The sequence similarity between AtBR6ox and Dwarf does not necessarily imply that the AtBR6ox enzyme catalyzes the conversion of the same substrates in Arabidopsis as the Dwarf enzyme does in tomato. To establish the biochemical function of the AtBR6ox product, the gene was functionally expressed in yeast. The protein-coding region of the complete sequence was synthesized by fusing the 5′-coding region of PCR clone pCRCSS12 and the 3′ region of the EST clone, F5F3. A cDNA sequence of the protein-coding region was then sub-cloned into a yeast expression vector, pYeDP60, and was expressed in the yeast strain, WAT11, which carries Arabidopsis NADPH-P450-reductase (Urban et al., 1997). In this strain, both AtBR6ox and P450 reductase were over expressed in the presence of Gal (Pompon et al., 1996). An induced culture of the yeast transformant was incubated with 5 μg of deuterated [2H6]BRs. Products from the incubation were analyzed by GC-MS. Confirmation of the identity of the products was provided by a direct comparison of the relative abundance of characteristic ions of the metabolites and standard compounds (Table I). Conversion rates obtained by GC-selected ion monitoring for AtBR6ox and Dwarf are summarized in Tables II and III, respectively.

Table I.

GC-MS identification of [2H6]-labeled BRs in yeast cultures expressing AtBR6ox

Compound Retention Time on GC Characteristic Ions (Relative Intensity Percentage)
min m/z
[2H6]CSa
 Standard 11.82 518 [M+] (33), 399 (5), 358 (11), 287 (23), 161 (100)

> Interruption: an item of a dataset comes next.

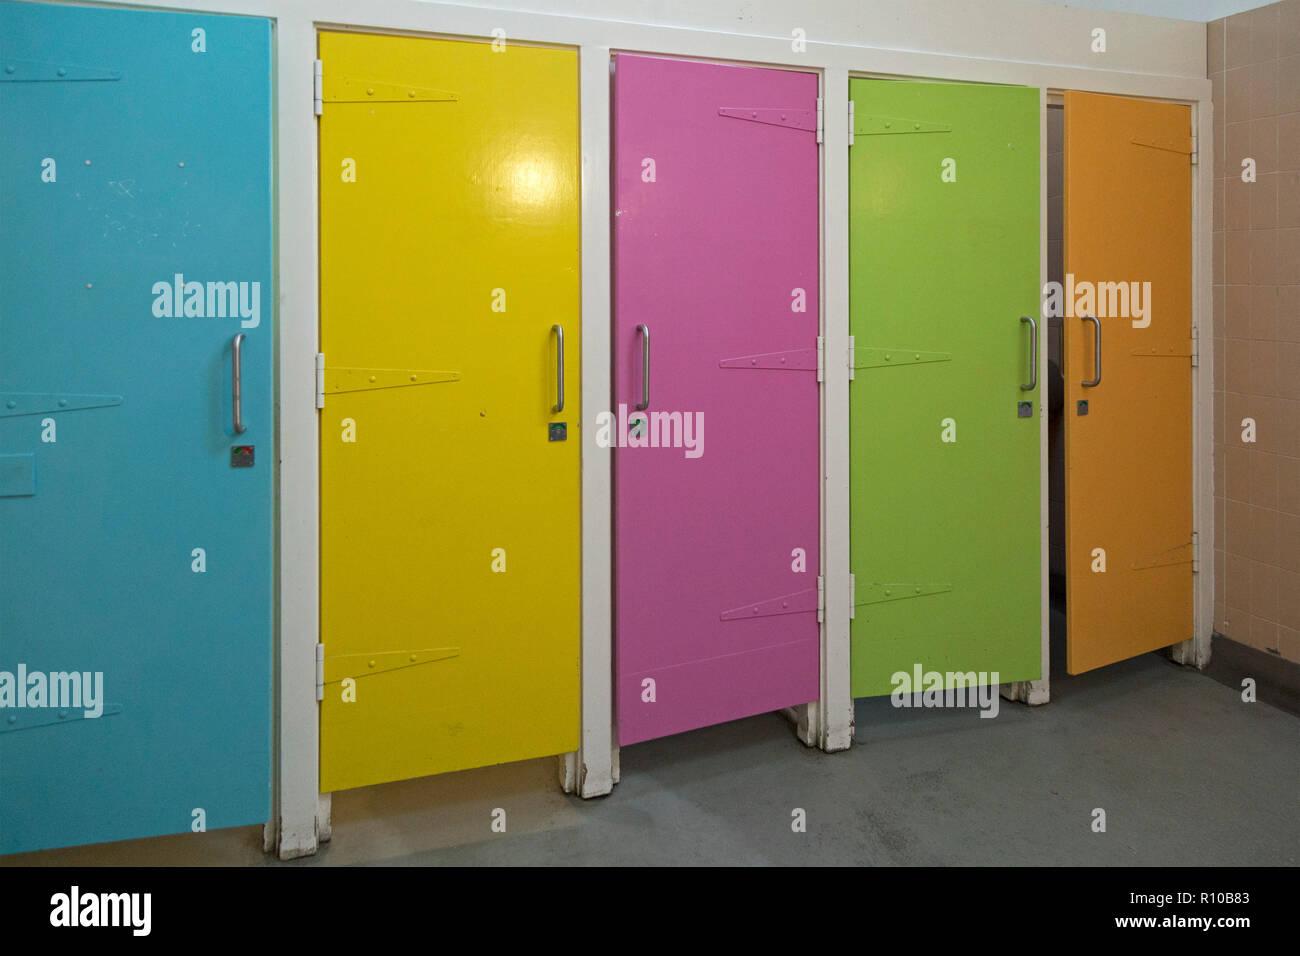 Herrentoiletten, St. Ives, Cornwall, Inghilterra, Großbritannien | uomini di toilette, St. Ives, Cornwall, Inghilterra, Gran Bretagna Immagini Stock

 Metabolite 11.83 518 [M+] (33), 399 (5), 358 (12), 287 (22), 161 (100)
[2H6]6-OHCSb
 Standard 11.40 592 [M+] (2), 577 (22), 502 (64), 271 (66), 161 (100)
 Metabolite 11.42 592 [M+] (2), 577 (23), 502 (72), 271 (63), 161 (100)
[2H6]TYb
 Standard 11.23 550 [M+] (81), 535 (50), 521 (100), 460 (38), 161 (58)

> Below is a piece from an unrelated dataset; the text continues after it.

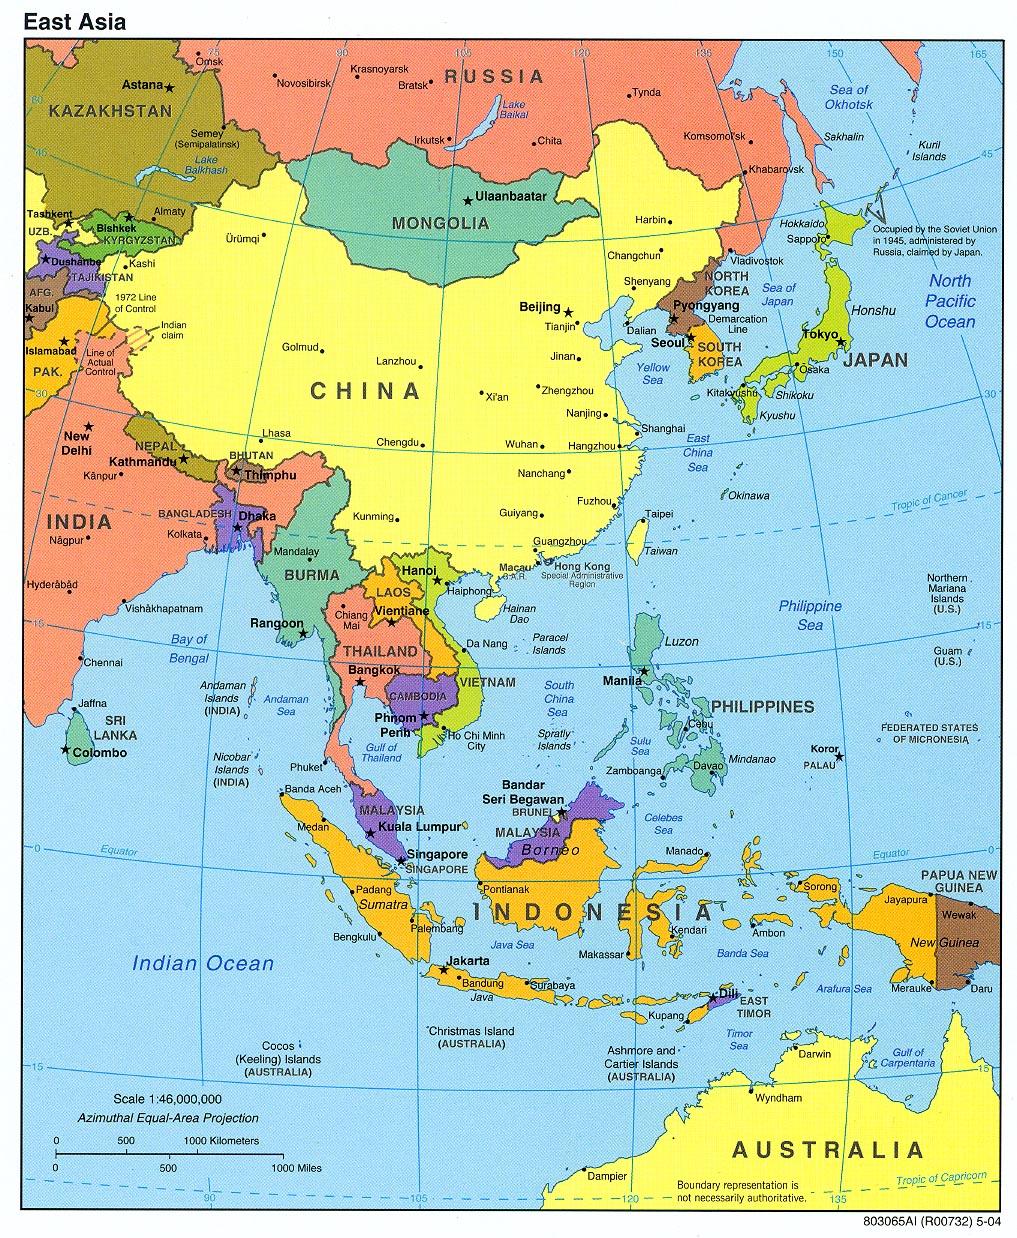 Karte Asien.Karte Ost Asien Reliefkarte Weltkarte Com Karten Und

 Metabolite 11.23 550 [M+] (71), 535 (46), 521 (100), 460 (46), 161 (66)
[2H6]3DTa
 Standard 11.92 476 [M+] (12), 316 (9), 287 (7), 245 (13), 161 (100)
 Metabolite 11.92 476 [M+] (11), 316 (8), 287 (6), 245 (13), 161 (100)
[2H6]TEb
 Standard 11.95 550 [M+] (25), 535 (66), 521 (100), 460 (2), 161 (25)
 Metabolite 11.97 550 [M+] (25), 535 (65), 521 (100), 460 (3), 161 (21)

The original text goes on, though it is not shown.